First, let's define the simple chain we want to monitor.

In [5]:
from langchain_core.output_parsers import StrOutputParser # Import the string output parser.
from langchain_core.prompts import ChatPromptTemplate # Import the chat prompt template.
from langchain_openai import ChatOpenAI # Import the OpenAI chat model wrapper.

# Define a simple chain: it takes an input, passes it to a chat model, and parses the output as a string.
chain = (
    ChatPromptTemplate.from_messages([("user", "{input}")])
    | ChatOpenAI(model = "gpt-3.5-turbo" )# Specify the model to use.
    | StrOutputParser()
)

Next, we create an instance of our evaluator and pass it to the `EvaluatorCallbackHandler`.

In [6]:
from langchain_core.tracers import EvaluatorCallbackHandler # Import the callback handler.

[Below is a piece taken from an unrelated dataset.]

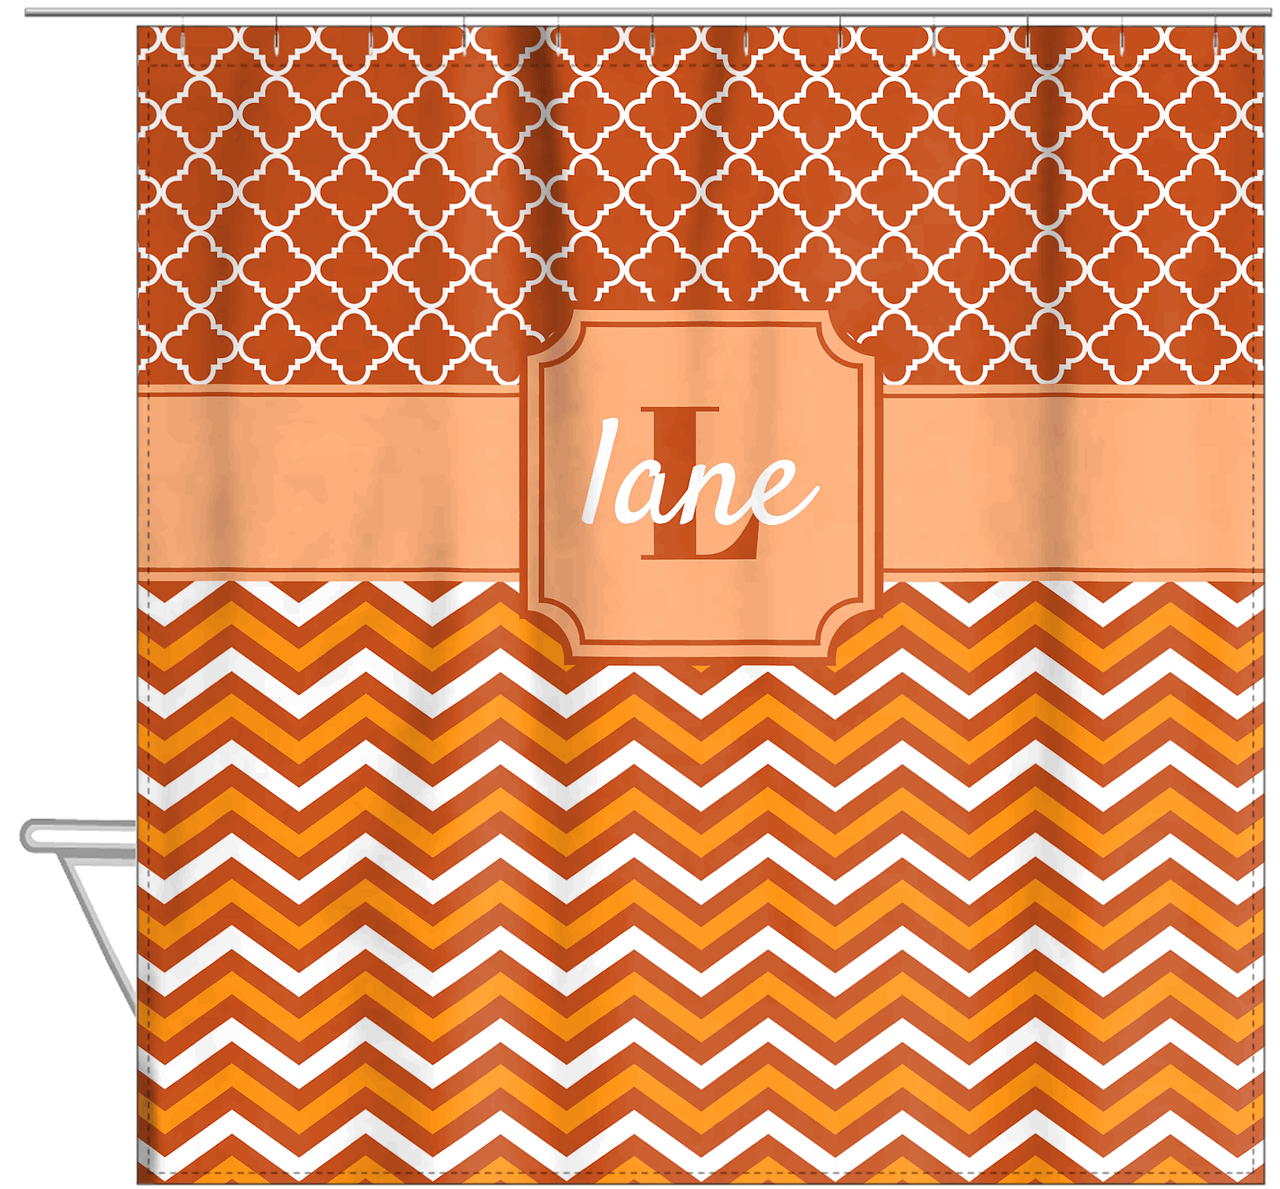 Personalized Quatrefoil and Chevron II Shower Curtain - Orange and White - Stamp Nameplate - Hanging View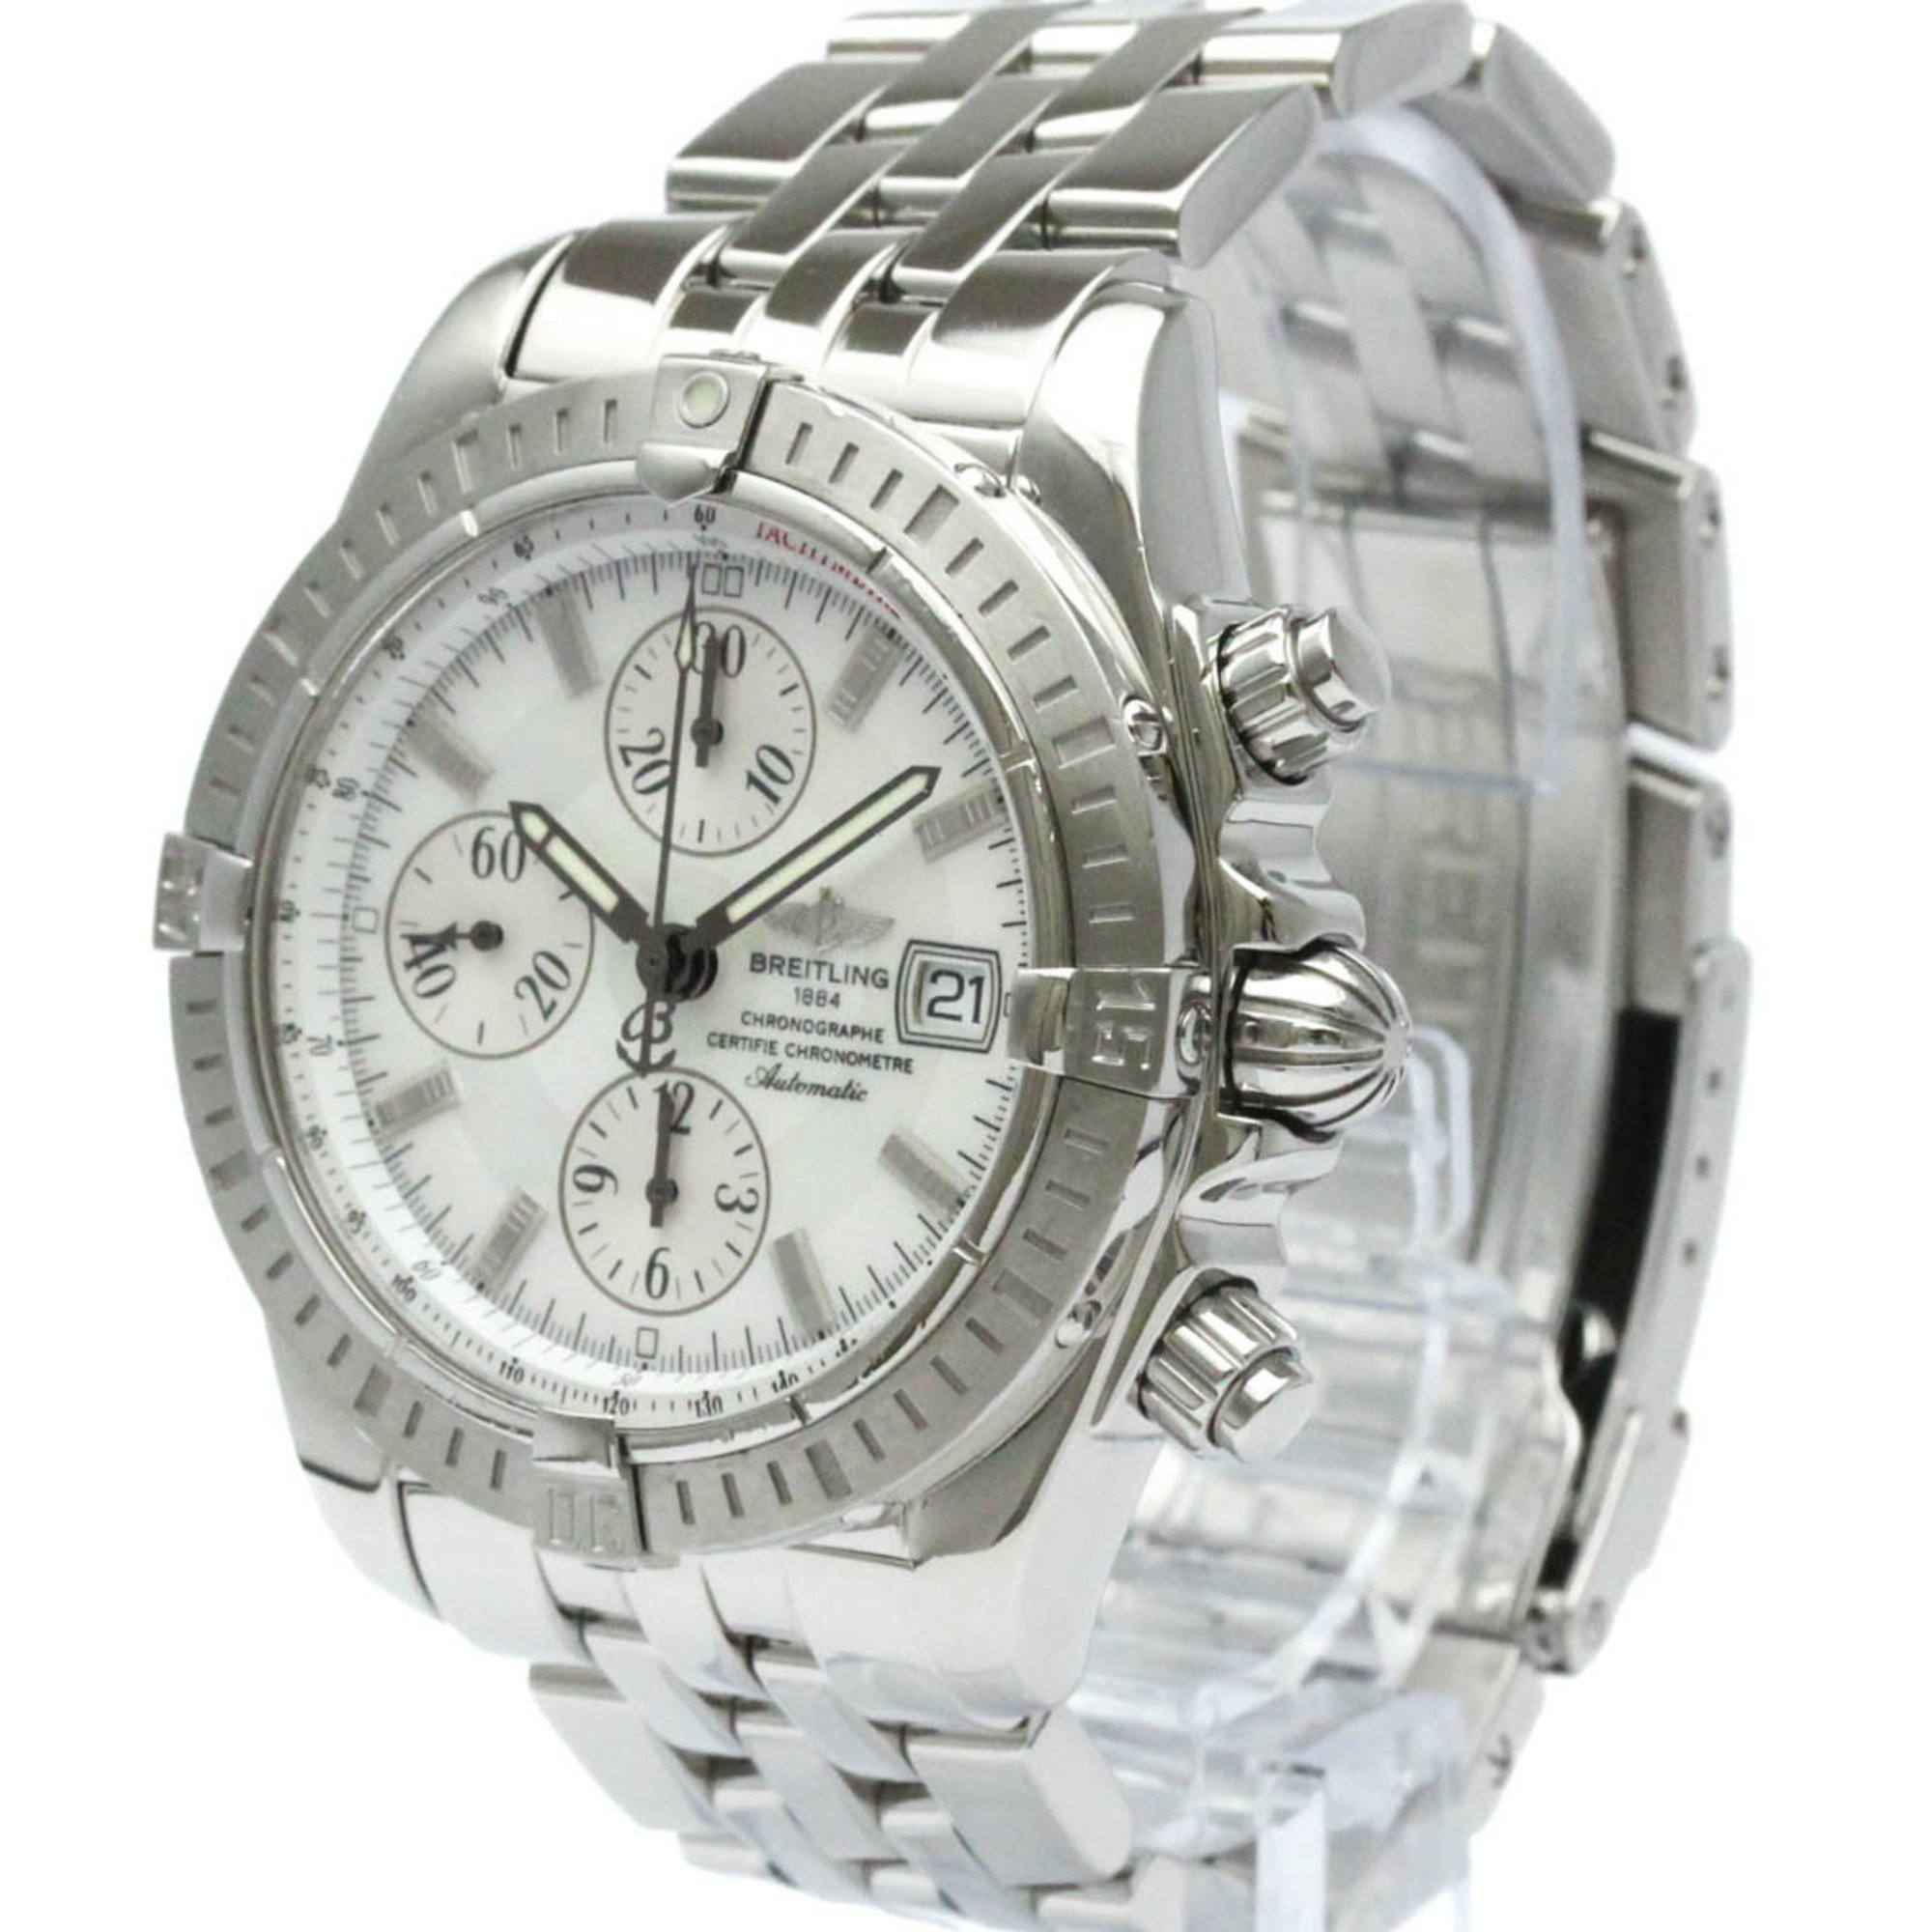 Polished BREITLING Chronomat Evolution MOP Steel Automatic Watch A13356 BF571641

# Create an instance of our custom evaluator.
evaluator = HelpfulnessEvaluator()

# Create the callback handler, passing a list containing our evaluator instance.
feedback_callback = EvaluatorCallbackHandler(evaluators=[evaluator])

This chain was only tested with GPT-4. Performance may be significantly worse with other models.


Finally, we invoke our chain for a series of queries. The crucial step is to pass our `feedback_callback` in the `config` dictionary of the `invoke` method. This attaches the handler to the run, ensuring our evaluator is triggered automatically upon completion.

In [7]:
# A list of example queries to run through our chain.
queries = [
    "Where is Antioch?",
    "What was the US's inflation rate in 2018?",
    "Who were the stars in the show Friends?",
    "How much wood could a woodchuck chuck if a woodchuck could chuck wood?",
    "Why is the sky blue?",
    "When is Rosh hashanah in 2023?",
]

# Loop through each query.
for query in queries:
    # Invoke the chain, passing the query and the callback handler in the config.
    chain.invoke({"input": query}, {"callbacks": [feedback_callback]})

Now, check your project in LangSmith. You will see the runs appear, and shortly after, the "helpfulness" feedback scores will be automatically attached to each run.

![feedback_result](./img/feedback_result.png)

## Conclusion

Congratulations! You have successfully configured a reference-free evaluator to run automatically every time your chain is called. This is a powerful technique for gathering real-time performance metrics on your live LLM applications.

By logging this automated feedback to LangSmith, you can create robust monitoring dashboards, track quality over time, and quickly identify and debug issues as they arise in production.